Mitt Romney: more flip-flops than on health care
On Tuesday, Chrysler paid back its $7.6 billion federal U.S. Treasury loan ahead of schedule, a year after General Motors paid back $6.7 billion. Since both automakers are making profits now, it's starting to look as if the Republican chorus against the bailouts in 2008 will haunt candidates in next year's elections. Only The Donald -- who sadly pulled his hat out of the ring recently -- is clean on this one. Which leaves just flip-flopping, changing the subject or going mute as options for the rest of the presumed field.

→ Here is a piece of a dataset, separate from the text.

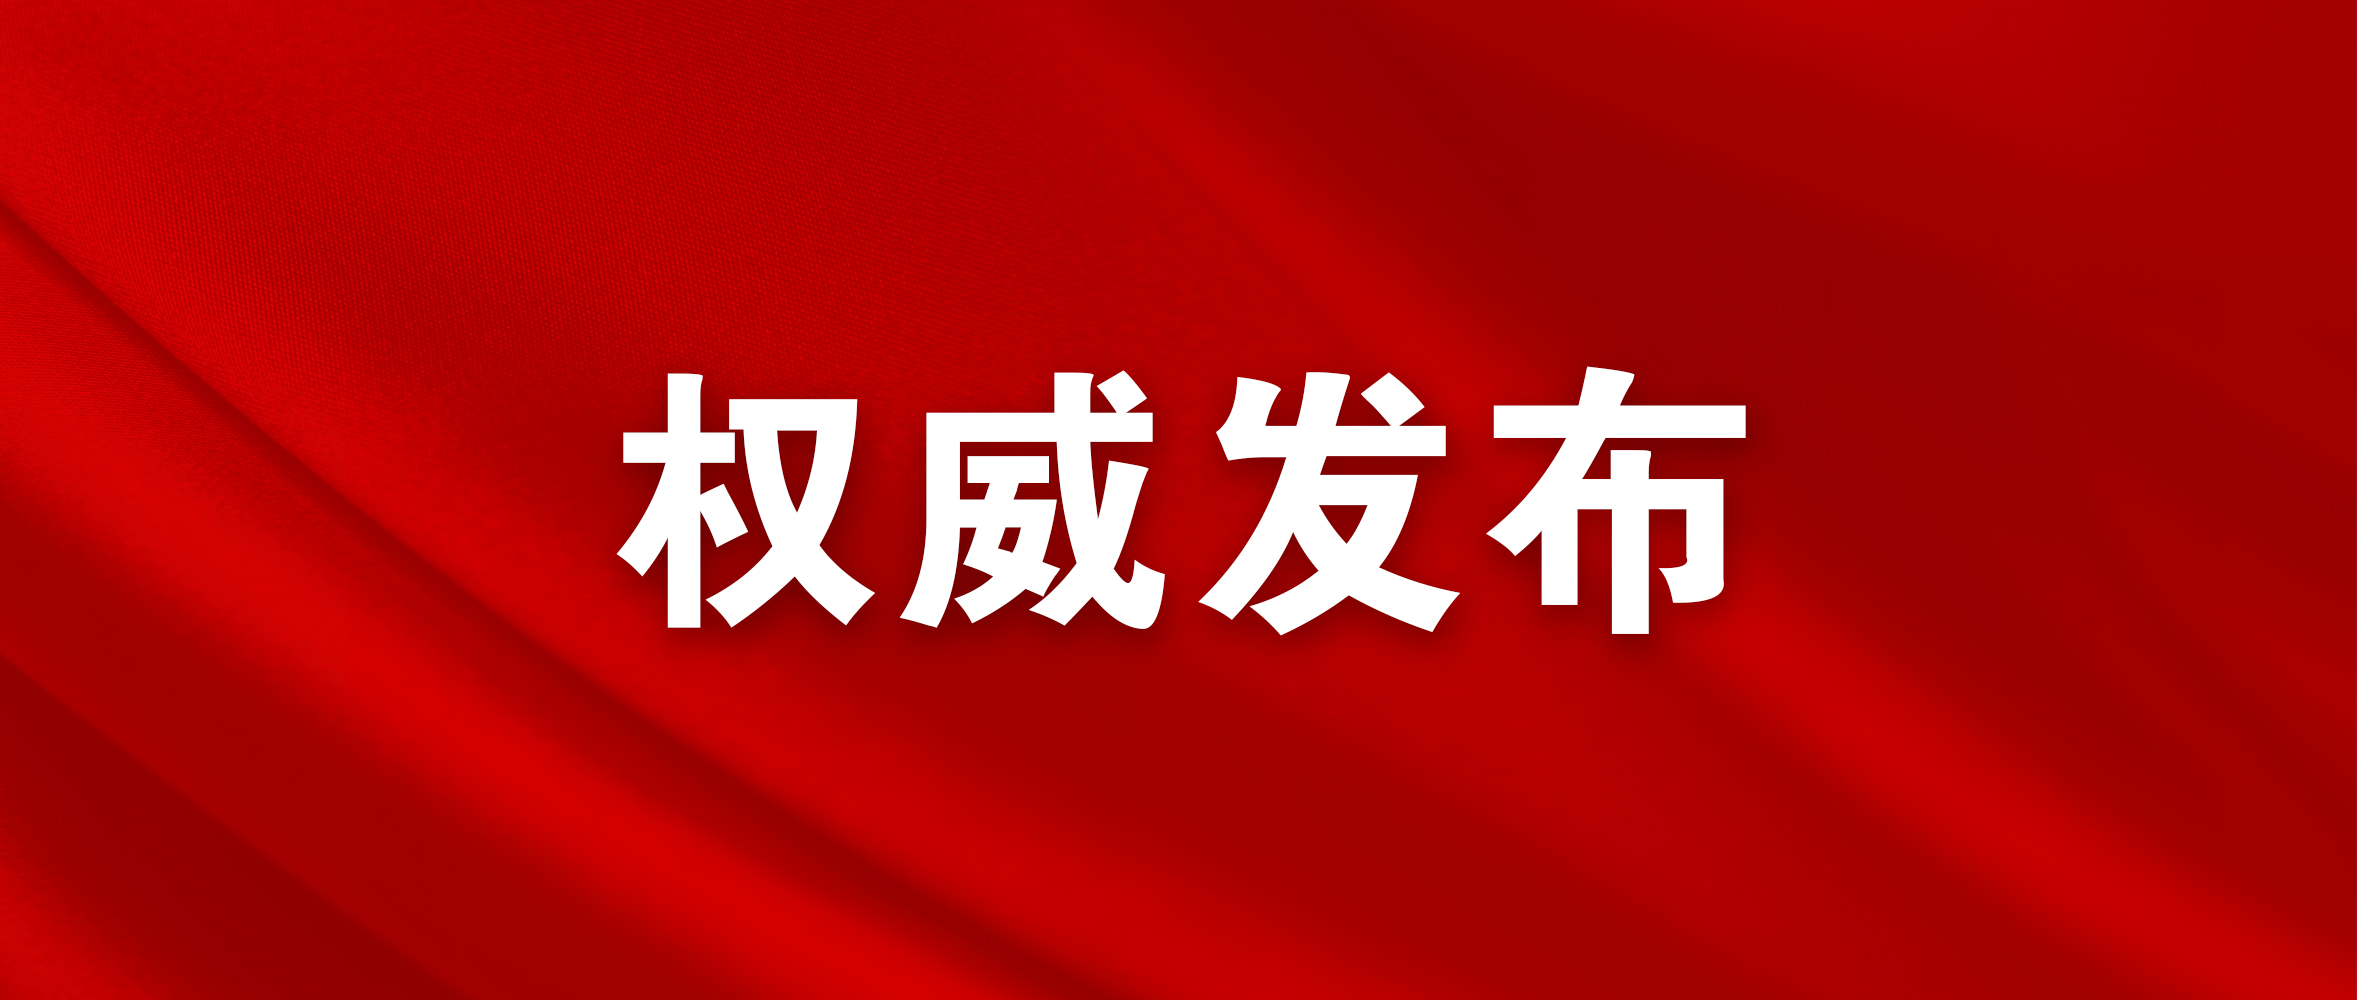 江苏省委主要负责同志职务调整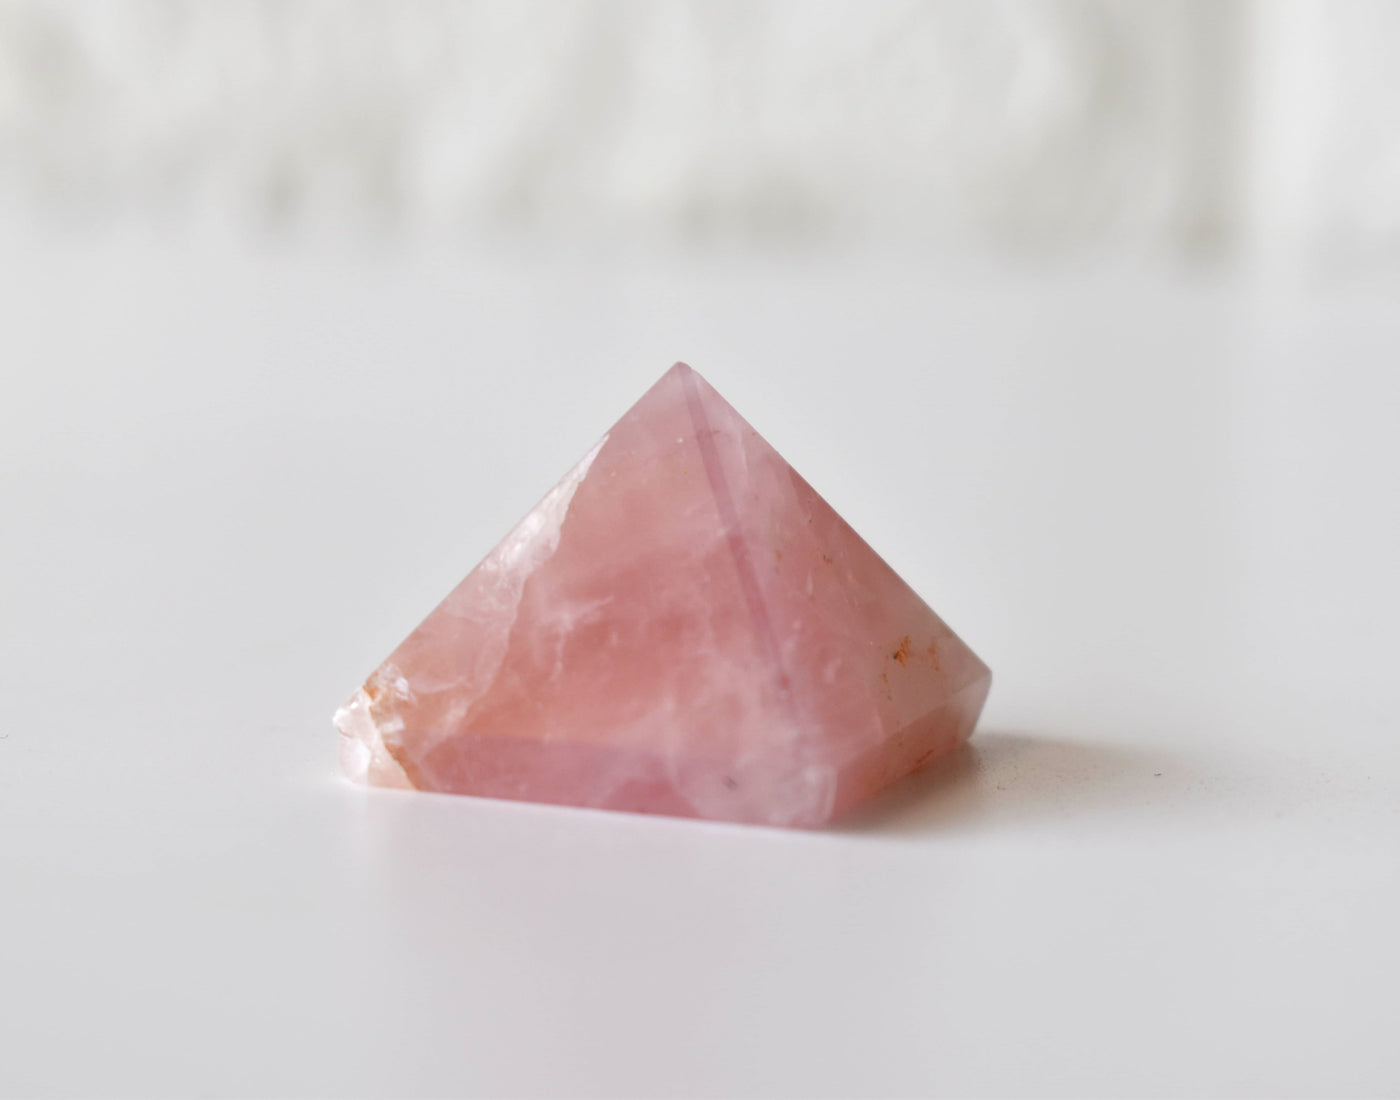 Rose Quartz Pyramids (Balance and Emotional Health)

Going negative on the bailout seemed like a good idea at the time, particularly given that a December 2008 poll showed that 61 percent of American voters opposed it. Current frontrunner Mitt Romney probably felt he was on safe ground when he wrote in a 2008 New York Times op-ed:

If General Motors, Ford and Chrysler get the bailout that their chief executives asked for yesterday, you can kiss the American automotive industry goodbye. It won't go overnight, but its demise will be virtually guaranteed.
The mood has changed
By late 2010, only 46 percent of Americans thought bailing out the autos was a bad idea, and that number is falling even further now. Swing voters in the industrial Midwest are critical to the election, so being on record rooting for the auto companies to fail probably isn't the best political strategy.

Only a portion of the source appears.